Nichols v. Village Voice, Inc.

99 Misc. 2d 822 | N.Y. Sup. Ct. | 1979

OPINION OF THE COURT

Martin B. Stecher, J.

Defendant, Jack Newfield, moves for an order disqualifying plaintiff’s law firm, Coudert Brothers, because of an alleged conflict of interest. The motion is made more than two years after the commencement of the action.

The defendant Newfield’s motion is grounded upon a lawyer’s obligation to "preserve the confidences and secrets of a client” (Code of Professional Responsibility, Canon 4) and to "avoid even the appearance of professional impropriety” (Code of Professional Responsibility, Canon 9; Cardinale v Golinello, *82355 AD2d 898). It is, of course, the obligation of the trial court to supervise the Bar and enforce those canons (cf. Rotante v Lawrence Hosp., 46 AD2d 199; Edelman v Levy, 42 AD2d 758; Motor Mart v Saab Motors, 359 F Supp 156).

The action, brought by Mary Perot Nichols, a former senior editor of the defendant periodical, Village Voice, Inc. (Voice), arises out of Nichols’ discharge from that position. Her first three causes of action are pleaded against the Voice only, and seek severance pay, travel expenses and damages for breach of privacy (Civil Rights Law, §§ 50, 51).

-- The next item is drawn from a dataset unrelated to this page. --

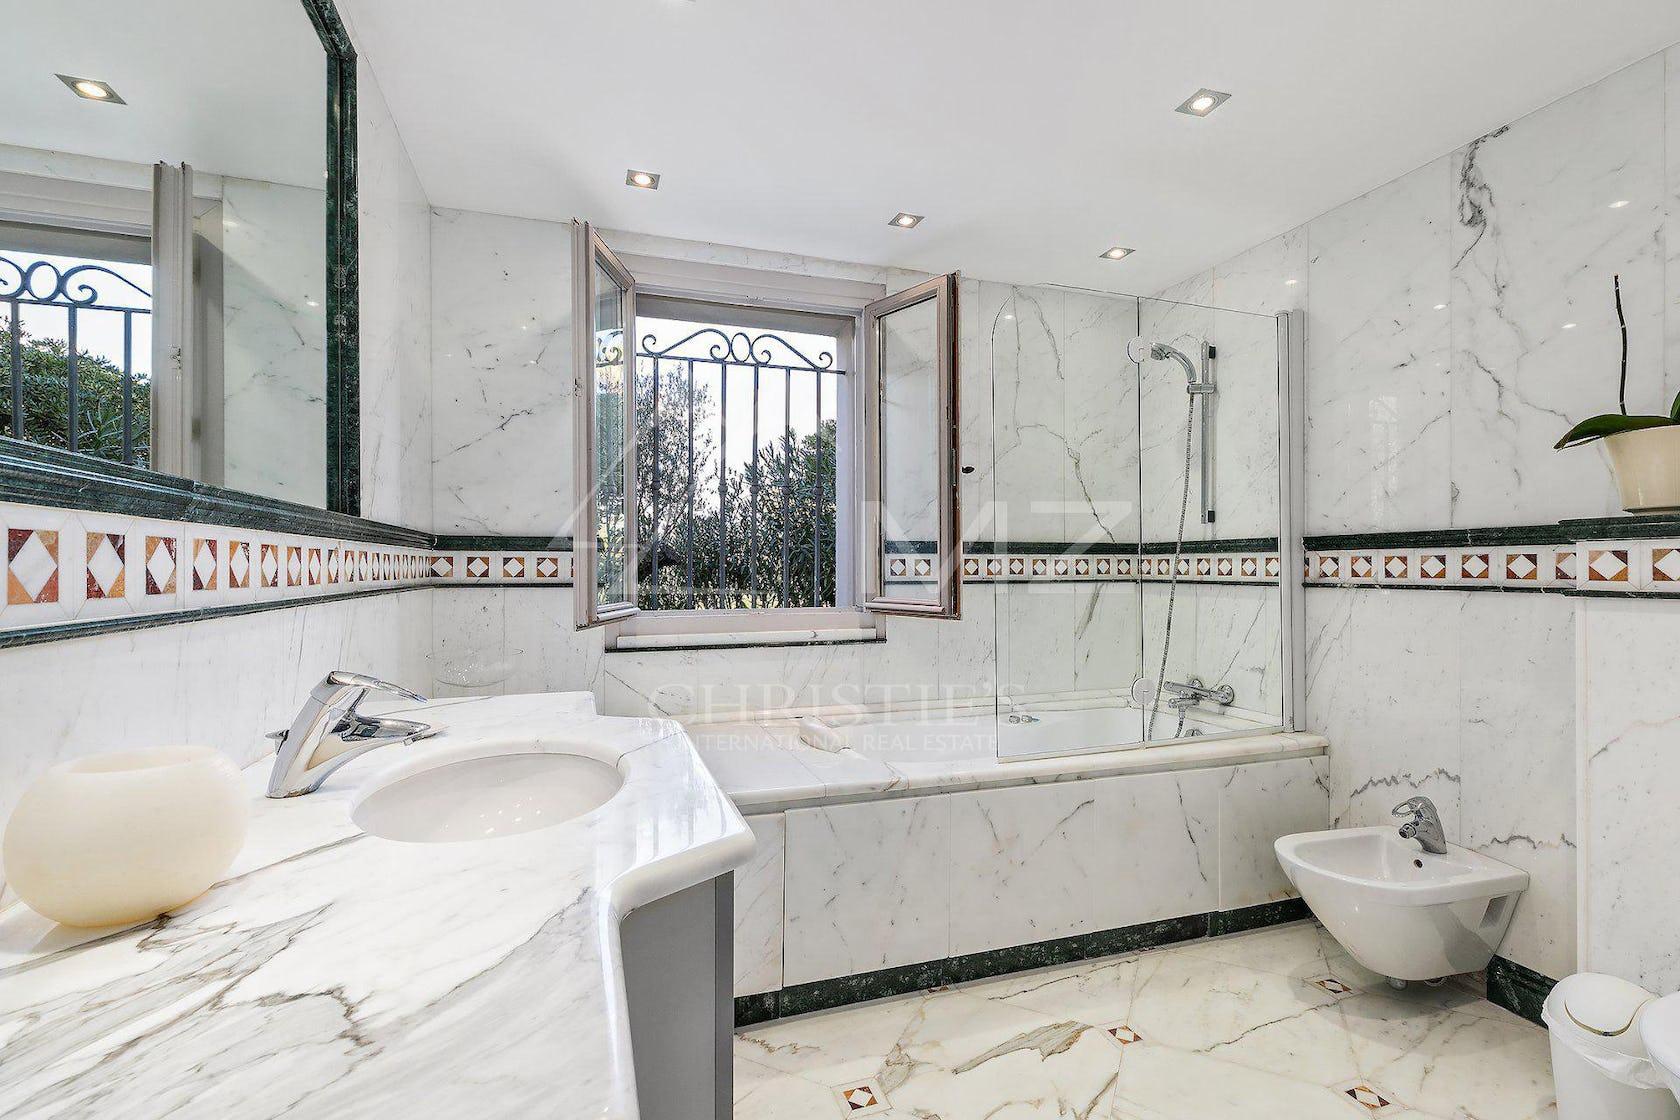 tub bathtub room indoors interior design bathroom

The fourth cause of action is pleaded against the Voice, Voice editor Thomas B. Morgan, Newfield, and another publication, the Villager. It sounds in defamation and alleges that following the plaintiff’s discharge by Morgan, Newfield, with Morgan’s consent and on behalf of the Voice, told a reporter for the Villager that plaintiff was fired for professional incompetence. Newfield is purported to have said that the plaintiff was discharged "because she wasn’t writing good stuff in the last few years and had developed serial obsessions on Scotto, Goldman and Common Cause” and that "Mary [Nichols] talks like a member of the Labor Committee. She has a paranoid conspiratorial idea that Rocky [the late Vice-President Rockefeller] runs the Voice.” The fifth cause of action is pleaded against the Voice, Morgan, Hamill and the Villager, and parallels the fourth cause of action.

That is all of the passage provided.